[Records from a data collection]
== Segment start ==

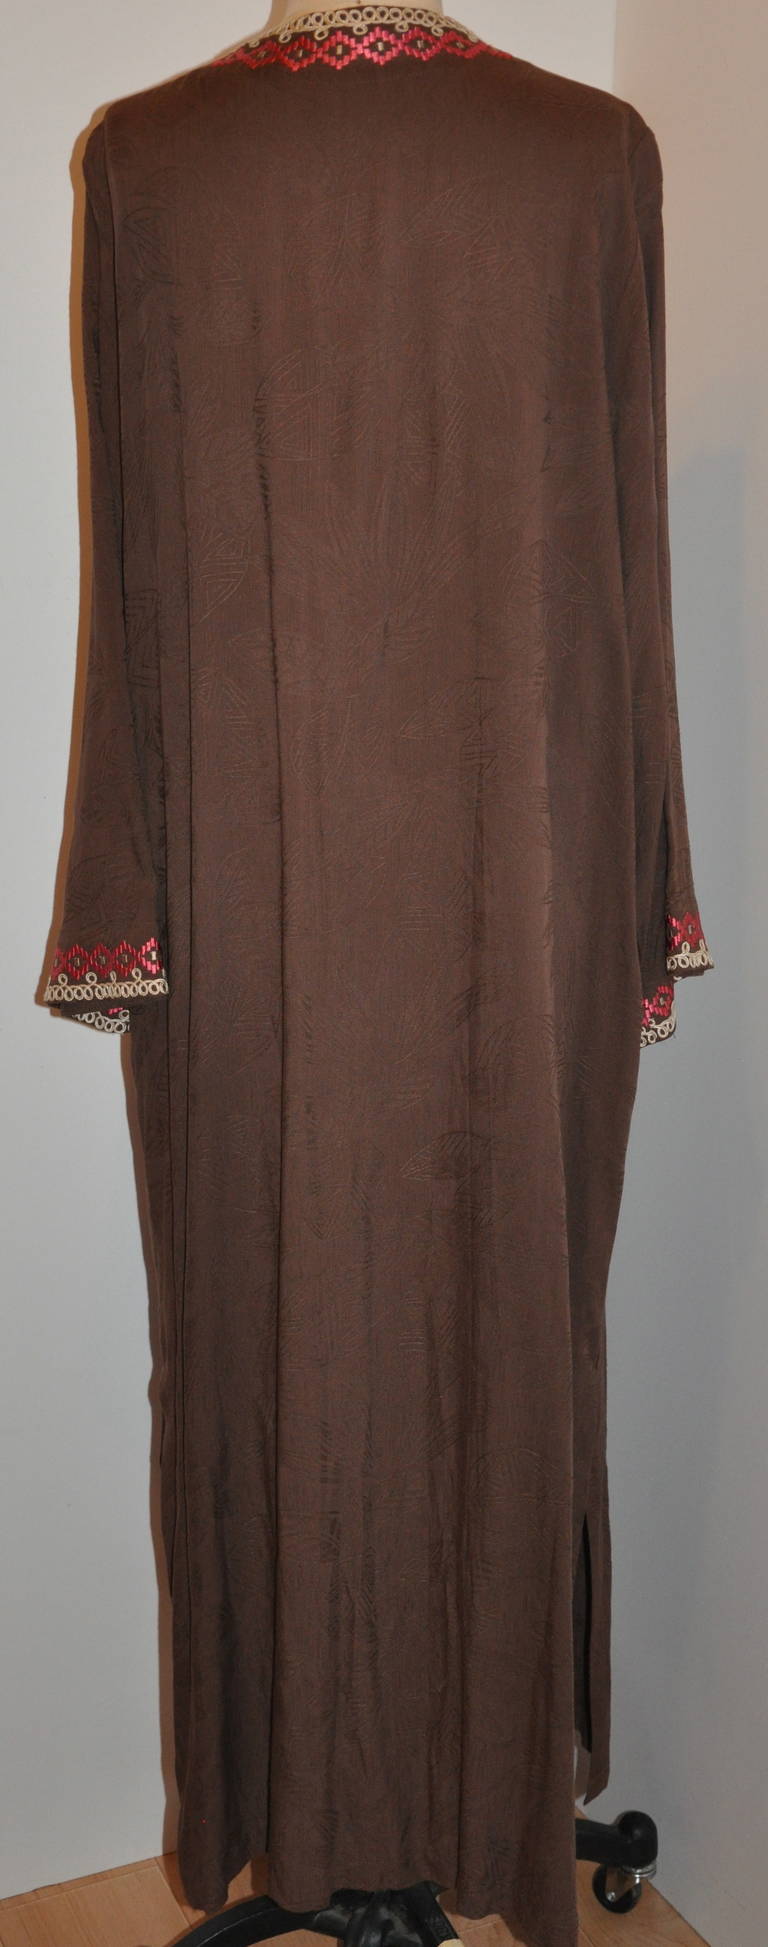 Oscar de la Renta's wonderful coco-brown silk caftan is detailed with silk threads of fuchsia and tan and hand-embroidered along the front, neck and sleeve's cuffs. And finished with swirls of beige.
   The shoulder measures 16
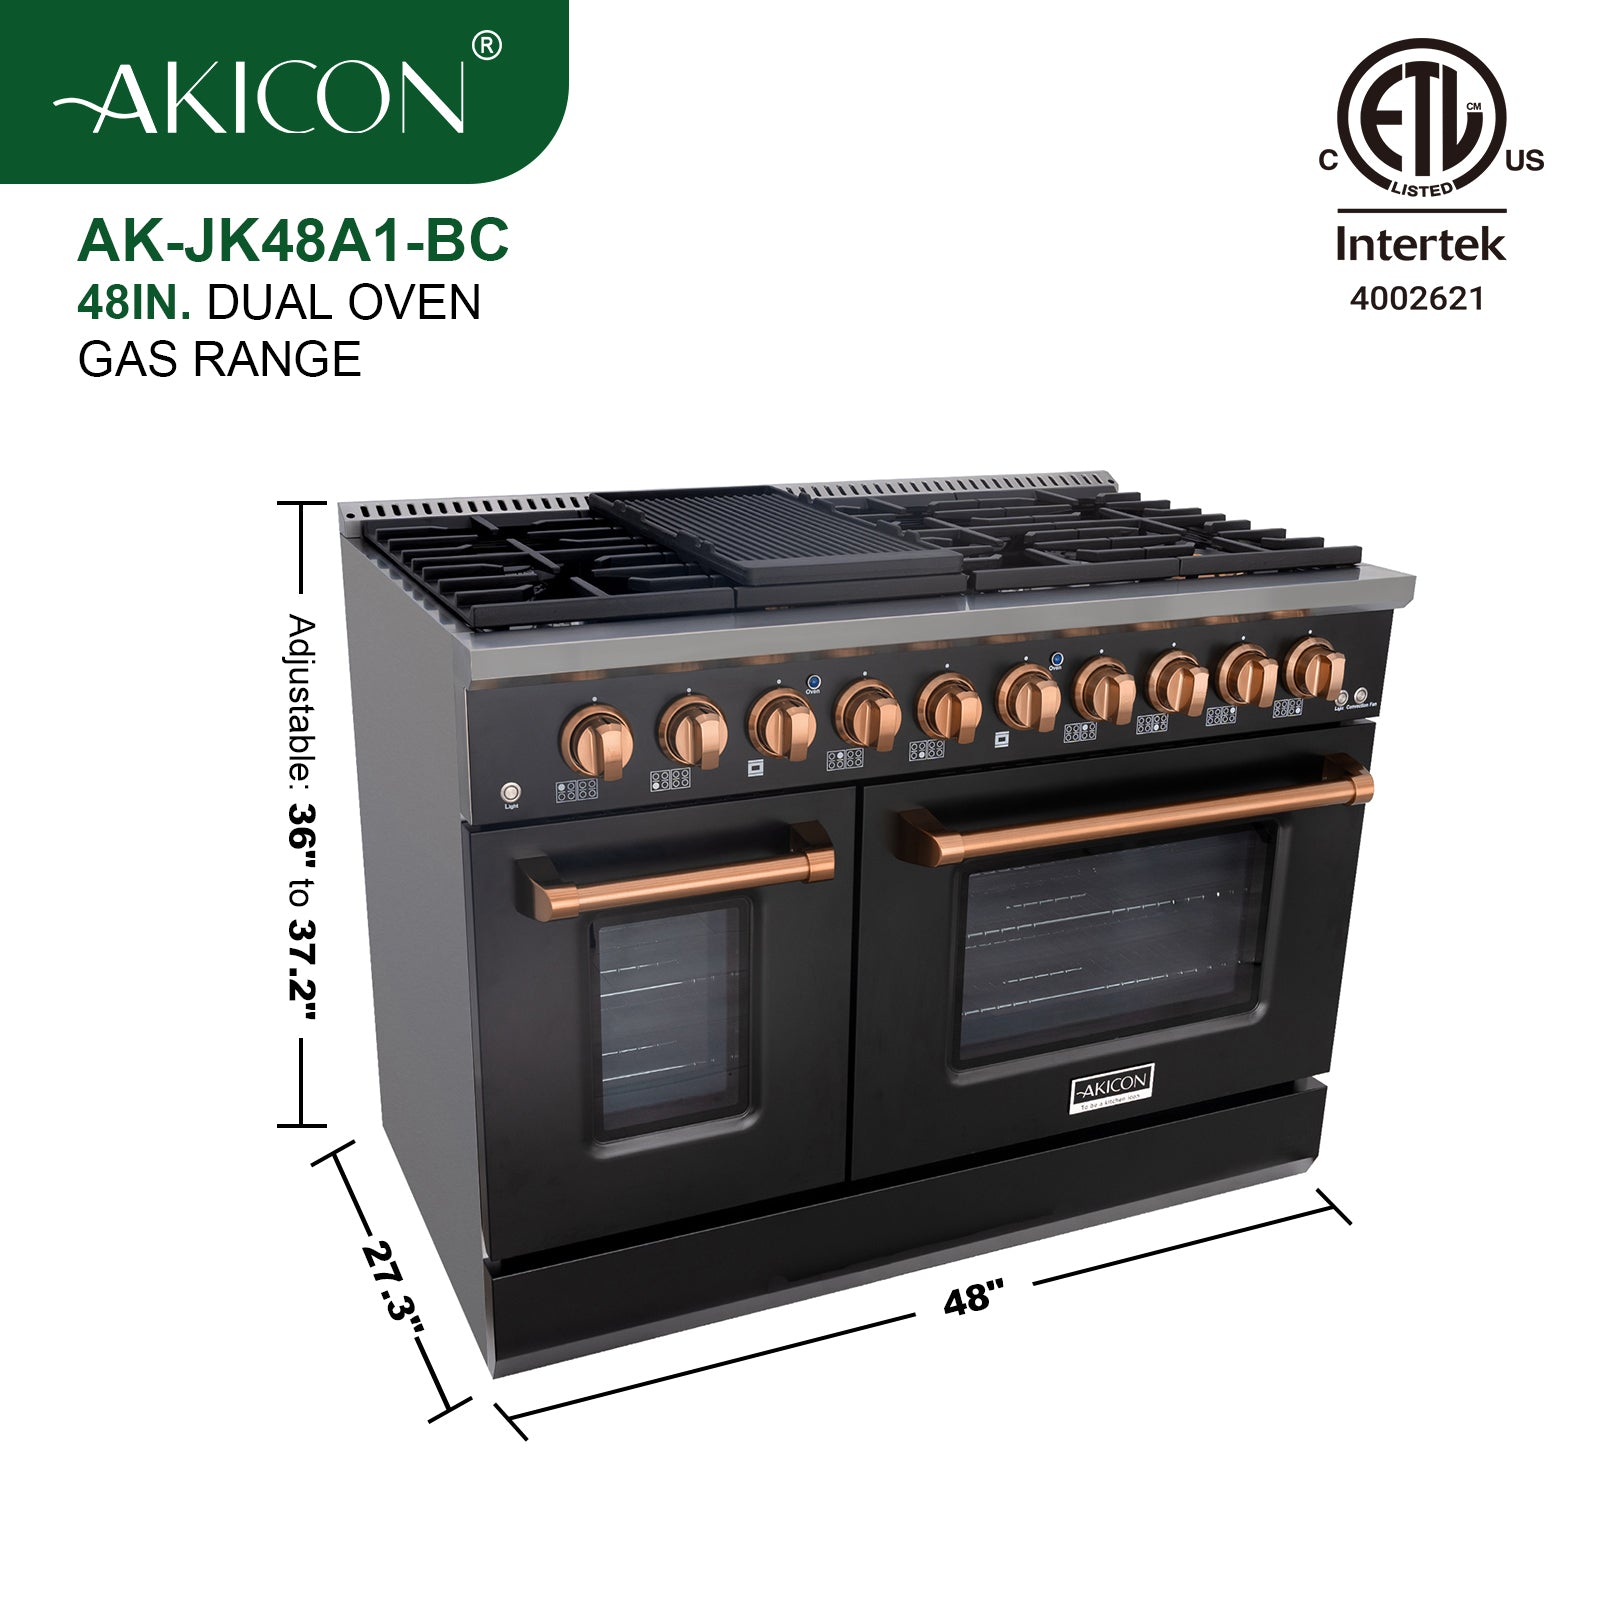 Akicon 48" Slide-in Freestanding Professional Style Gas Range with 6.7 Cu. Ft. Oven, 8 Burners, Convection Fan, Cast Iron Grates. Black & Copper for Janice
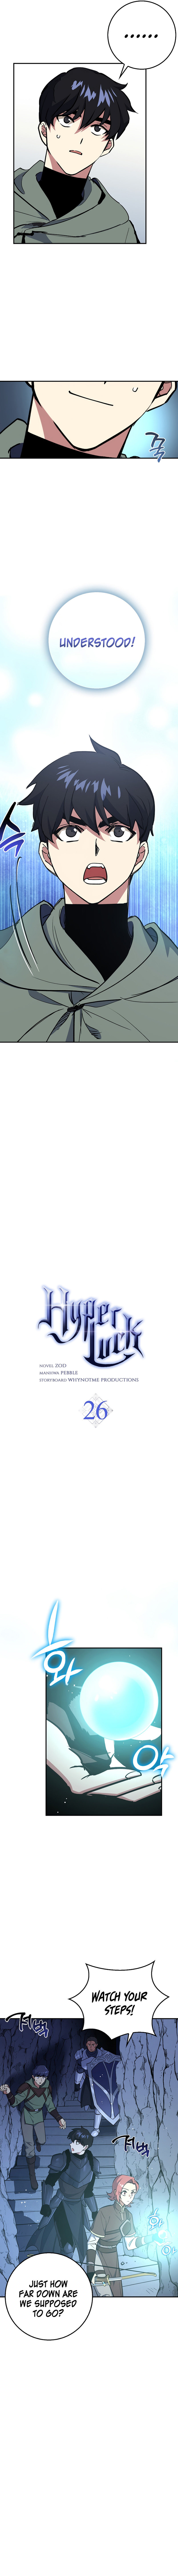 Hyper Luck Chapter 26 - Page 5
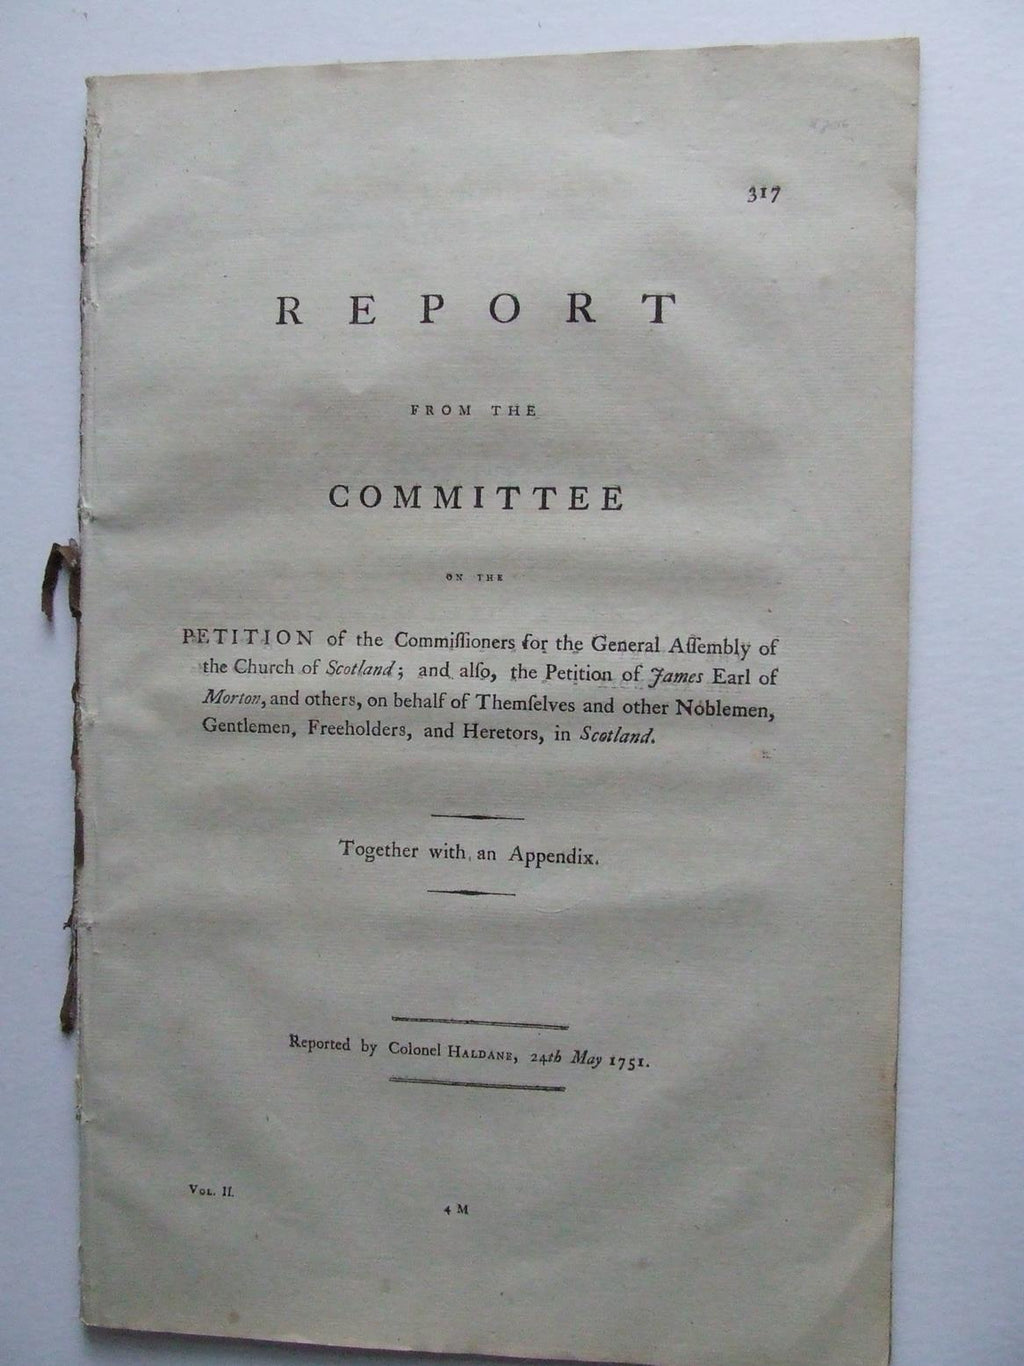 Report from the Committee to whom the petition of the Commissioners for the General Assembly of the Church of Scotland

== Segment end ==

AIM OF THE EXERCISE:
Write out exactly the lines from the one containing "Hyper Luck Chapter 26 - Page 5" through the end of the entries, both included. Pictures are not copied.

SOLVED EXERCISE:
 Hyper Luck Chapter 26 - Page 5
 Report from the Committee to whom the petition of the Commissioners for the General Assembly of the Church of Scotland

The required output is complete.